The user may not, either directly or indirectly, allow other persons to use their credentials (user name/password, ssh keys, etc.), nor may they use any of the credentials of another person.

The use of shared user names is to be avoided whenever possible.

The user of a user account is its owner, responsible for both the use of the user account and all actions conducted with it.

4.7. Passwords

Users must follow these best practices concerning security when selecting and using passwords:

Passwords may not be disclosed to other persons.
Passwords must not be written down in plain text.
Each user may only use the credentials assigned to them individually.
Personal passwords must be stored using a password manager.
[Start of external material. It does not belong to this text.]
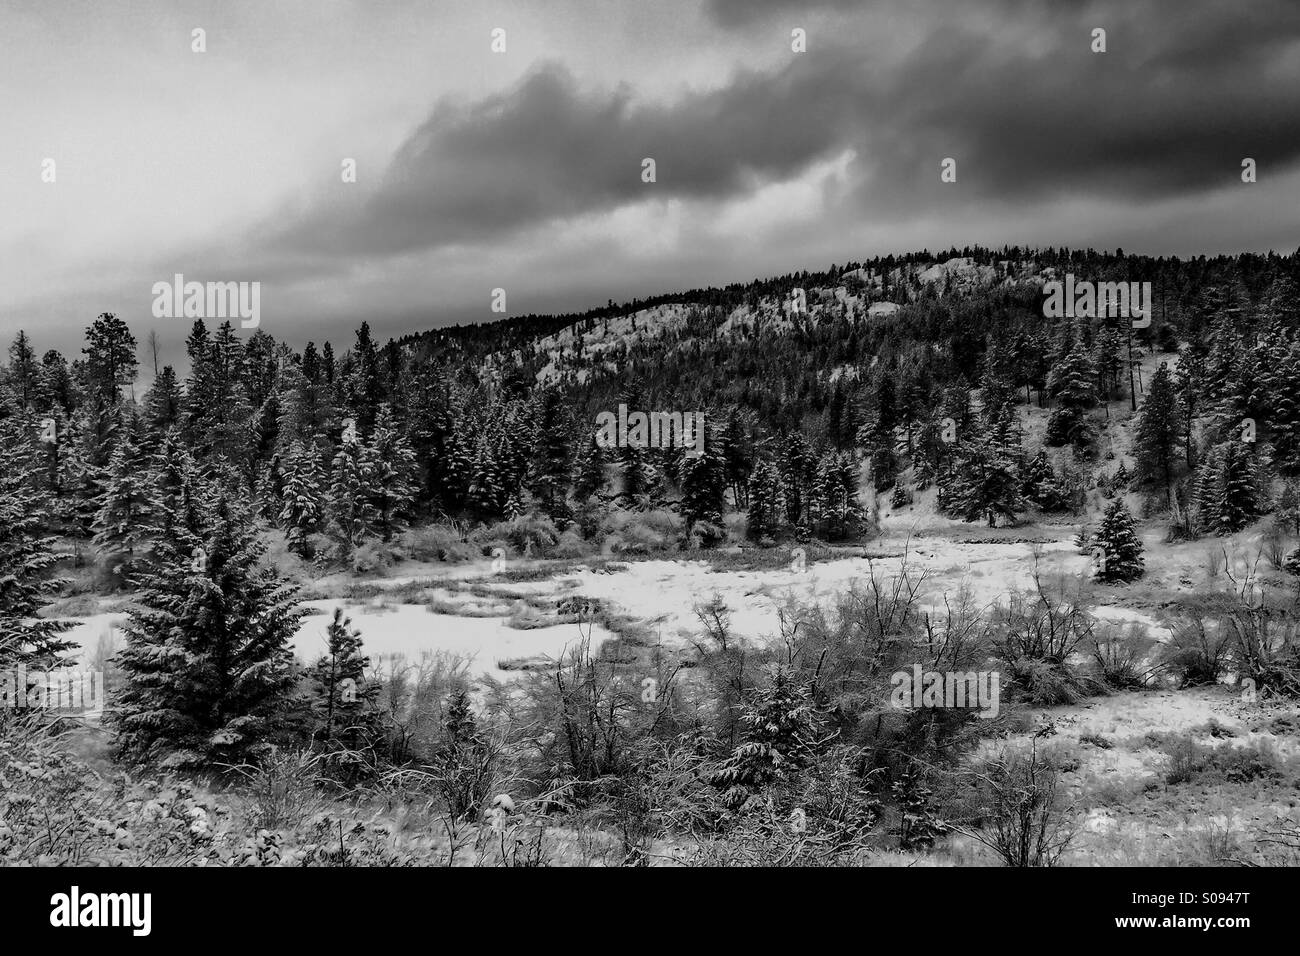 Winterlandschaft in schwarz und weiß. Der Boden und die Bäume in den immergrünen Wald sind in frischem Schnee bedeckt. Wolken Bewegung. Stockfoto

See Password Managers for a list of recommended password manager.
Personal passwords created by the user may not be passed on in any way (verbally, in writing or electronic form, etc.).
Passwords must be changed if there is any indication that the passwords or system may have been compromised - in which case a security incident must be reported.
Secure passwords can either be chosen by the user or generated:
- Requirement for a self-selected password:
  - Length of at least 12 characters. If the User has elevated rights at least 18 characters.
  - At least three out of the following four groups of characters must be represented: digits, upper case letters, lower case letters, special characters.
  - Passwords must not contain any personal data (for example date of birth, address, names of family members, etc.).
- Generated passwords:
  - Passwords can be generated using the methods provided in Generate a Password.
Personal passwords that protect publicly available services should be changed every 12 months. The last three passwords must not be reused.
The CISO may order passwords to be changed at any time.
Passwords not set by the user must be changed the first time the user logs on to a system.
Passwords used for private purposes must not be used for business purposes and vice versa.

4.8. Email and Other Methods for Exchanging Messages

According to the Information Classification Policy, management determines the communication channels that may be used for each type of data. Means of communication are documented in the handbook page Communication Channels.

When sending a confidential message, the user must protect it according to the Information Classification Policy. For acceptable methods of transferring confidential messages, see "How to transfer data securely".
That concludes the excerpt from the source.